One of the most compelling elements of frames laid up with pre-preg is how damned beautiful they look. Velvety lines convey strength and efficiency while inducing irrational lust, but what about the value proposition? As we continue to work on our back to back Knolly Al vs C evaluation, we thought it was appropriate to harness a potentially dissenting opinion on the merits of the other black gold. 

Joe McEwan is the man behind Starling Cycles, makers of bespoke steel frames in Bristol, U.K. The Starling Murmur has impressed and surprised testers, including those at DIRT who called it one of their favourite bikes of 2017 saying, "we put it back to back with many of the carbon elite and it more than held its own." Joe didn't get his start in steel but in Aerospace (see below) and his deep experience with carbon comes from an entirely different realm.

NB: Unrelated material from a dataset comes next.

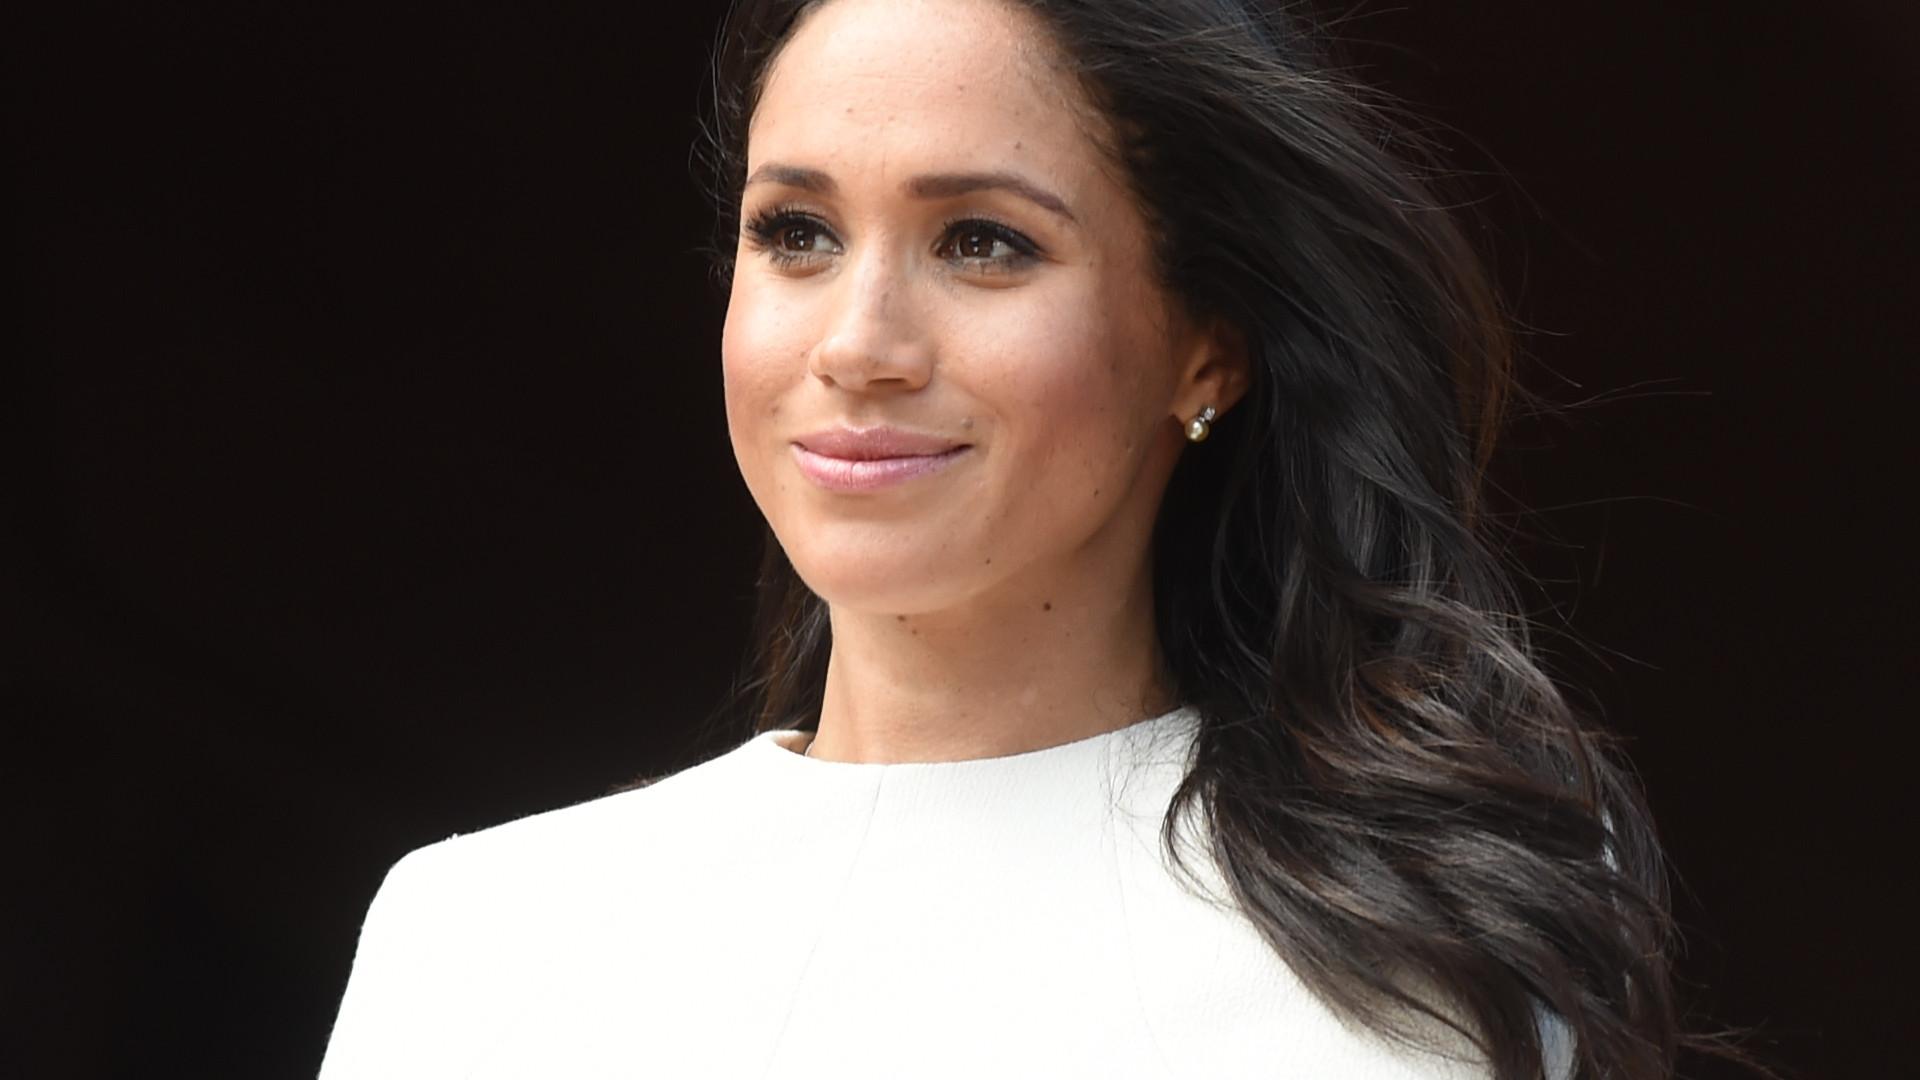 Meghan Markle quase que cai no casamento da sobrinha da princesa Diana

While his opinions aren't free of bias, they are infused with a healthy skepticism that counters the influence of large marketing budgets.*

Here's what he had to say. 

*I don't doubt anything Joe told me, but there is certainly a perceived bias because Joe doesn't sell carbon bikes!

Starling Murmur

The Murmur exudes simplicity and durability, in an age of ramping complexity. Joe has a recommended head angle of 65º but that's up to you. 

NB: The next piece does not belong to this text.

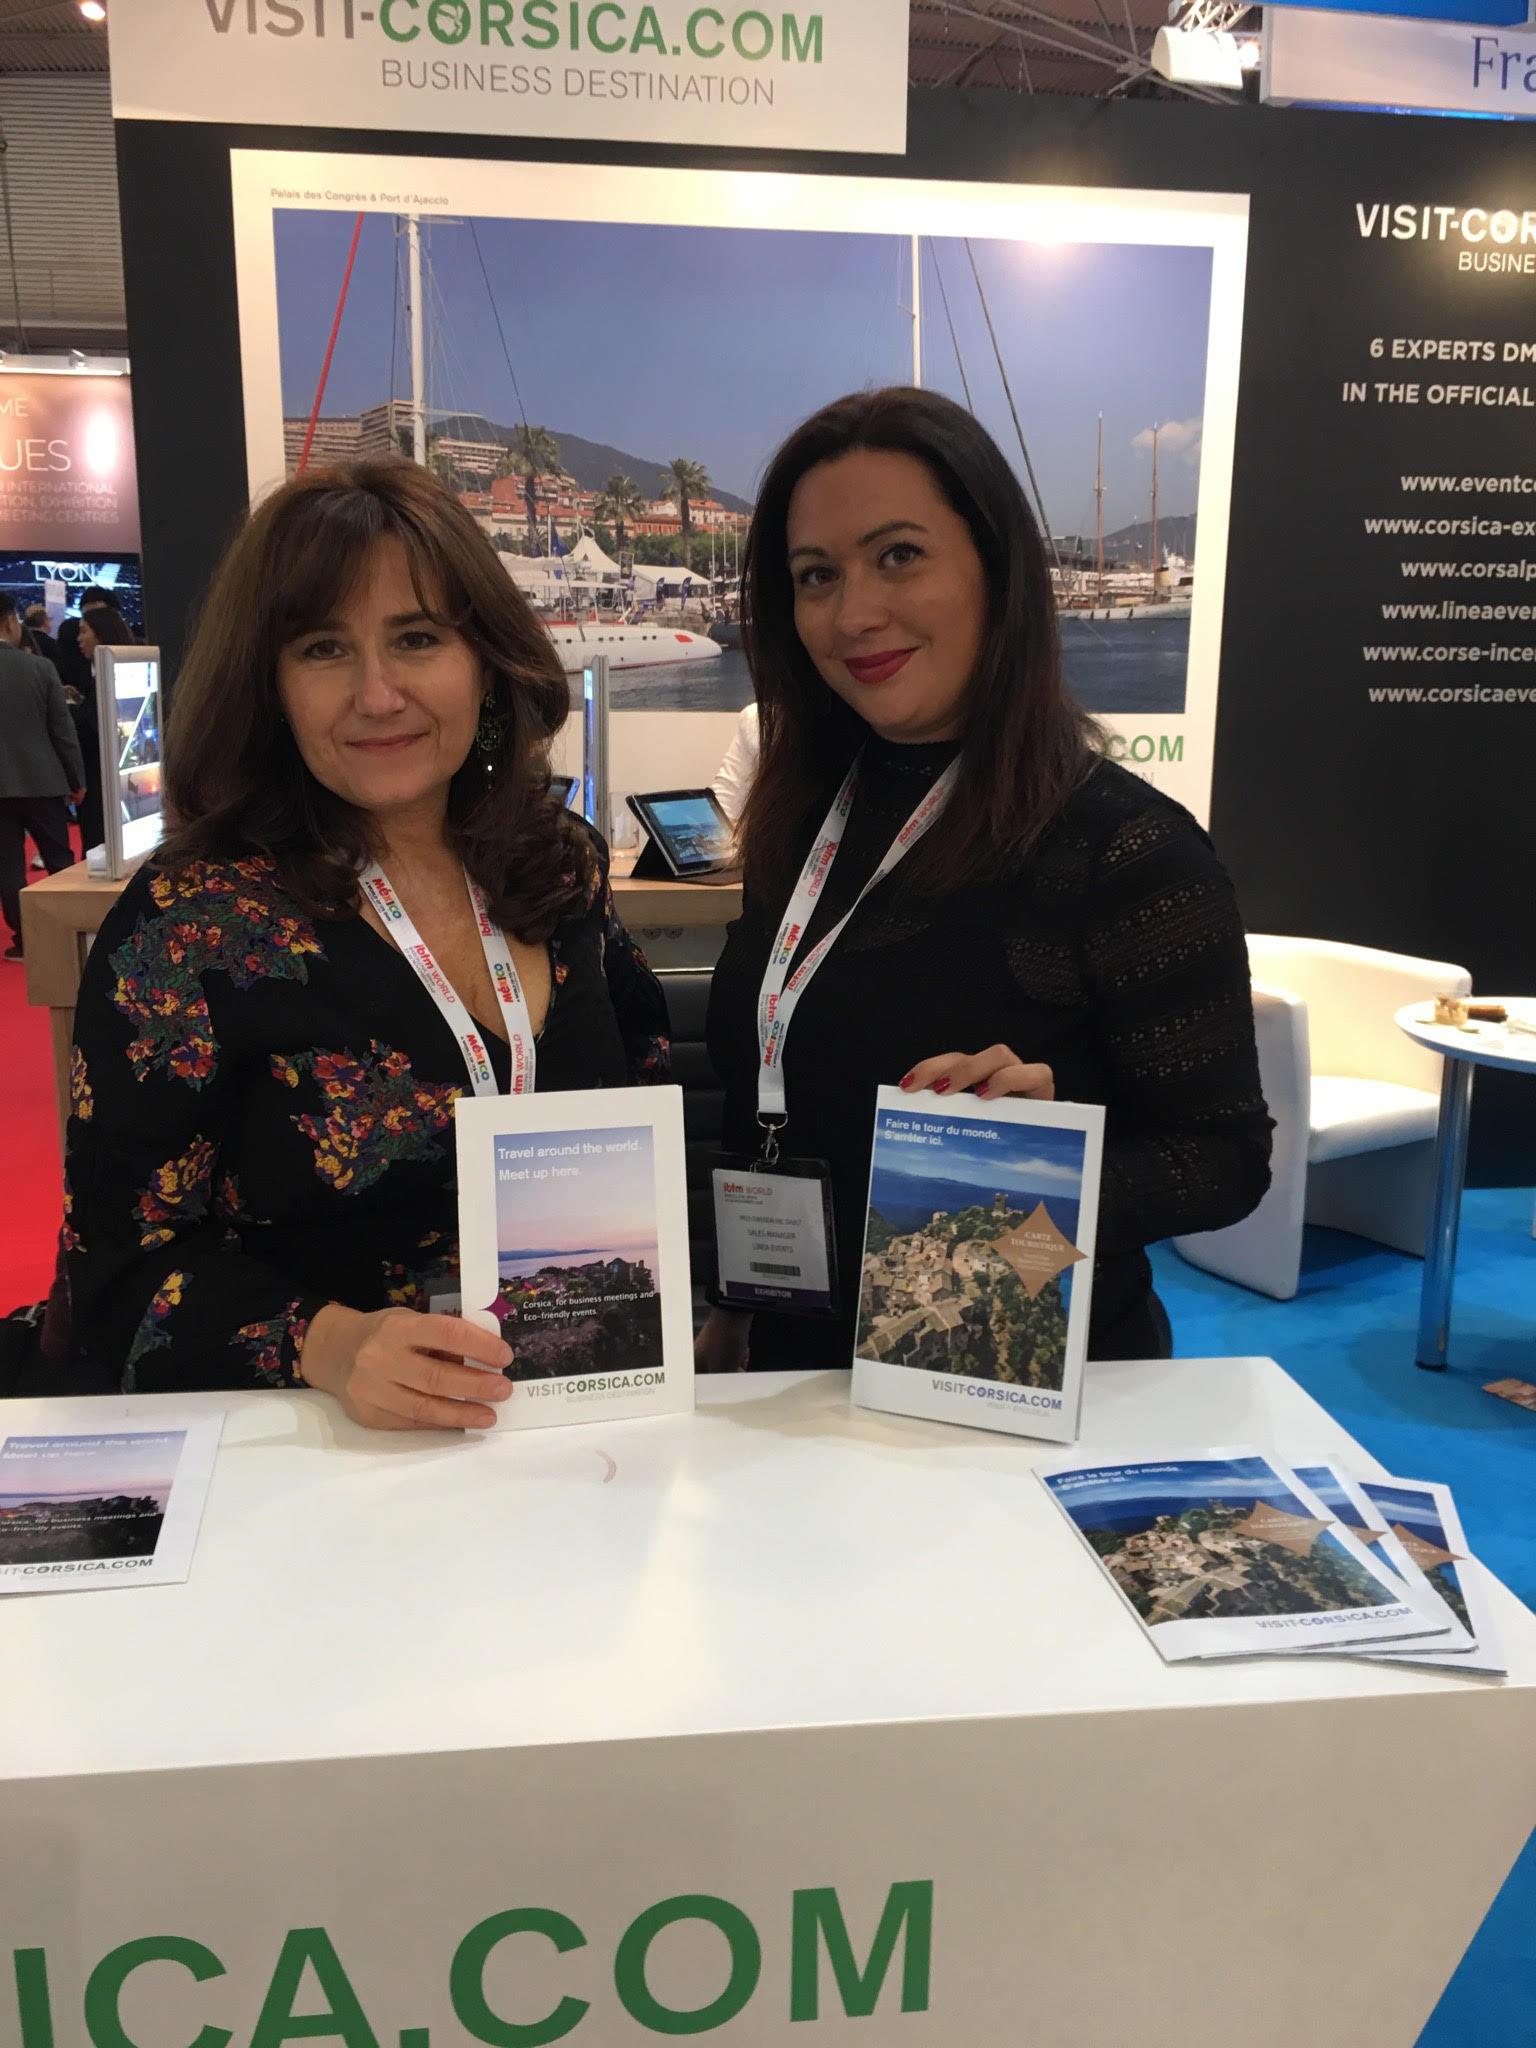 Marie-Ange Celli-Battistelli (à gauche)au stand Visit-Corsica.com.

Cam McRae - Would you please tell me a little about your background and the sort of experience you have working with (analyzing etc.) materials like aluminum, chromoly steel and carbon?

Joe McEwen - Before Starling Cycles, I spent nearly 20 years (Since 1999) as a Stress Engineering for the Aerospace Industry. My job was to perform calculations/FEM analysis and occasionally testing to design and check aircraft components. I started as graduate, but progressed to Lead Stress roles and department heads.

Much of my time was spent working on new carbon composite materials; developing new analysis methods and technologies. I spent 4 years as technical head for a composite research department. However, I also did a large amount of aluminium analysis. But typically in aerospace you use industry agreed methods rather than analysing from first principles. I’ve only done limited steel analysis, mostly for bolts in aerospace. But the stress analysis of most homogenous materials is similar. Composites are a different matter!

Custom Paint

It's all up to you. This Murmur was inspired by a customer's late father's Mod phase. 7 Pot Customs applied the Vespa green and the accents hearkening to the age of Quadrophenia

You have chosen to build bikes out of steel despite your experiecne with composites. Do you think there is a case at all for making carbon mountain bikes?

Yes, my biggest concern with carbon fibre is the damage tolerance. If sufficient damage tolerant capability can be demonstrated, then yes composites can potentially make good bikes. As with anything, correct design is much more important than what material is used. Although material choice is a key part of the design process. It should be noted that even aerospace has been known to use composites for political and marketing reasons rather than engineering reasons.

Just a quick aside on damage tolerance. Carbon fibre is prone to something called BVID (Barely Visible Impact Damage), although this may be an aerospace-only terminology. Essentially, a carbon fibre laminated structure (how most bikes and aeroplanes are constructed) can sustain a lot of internal damage from an impact. Typically the lamina (layers) are caused to separate at the soft epoxy matrix. The issue is that there might be significant internal damage, but only a tiny scratch on the outside. I.e. you do not know the damage is there.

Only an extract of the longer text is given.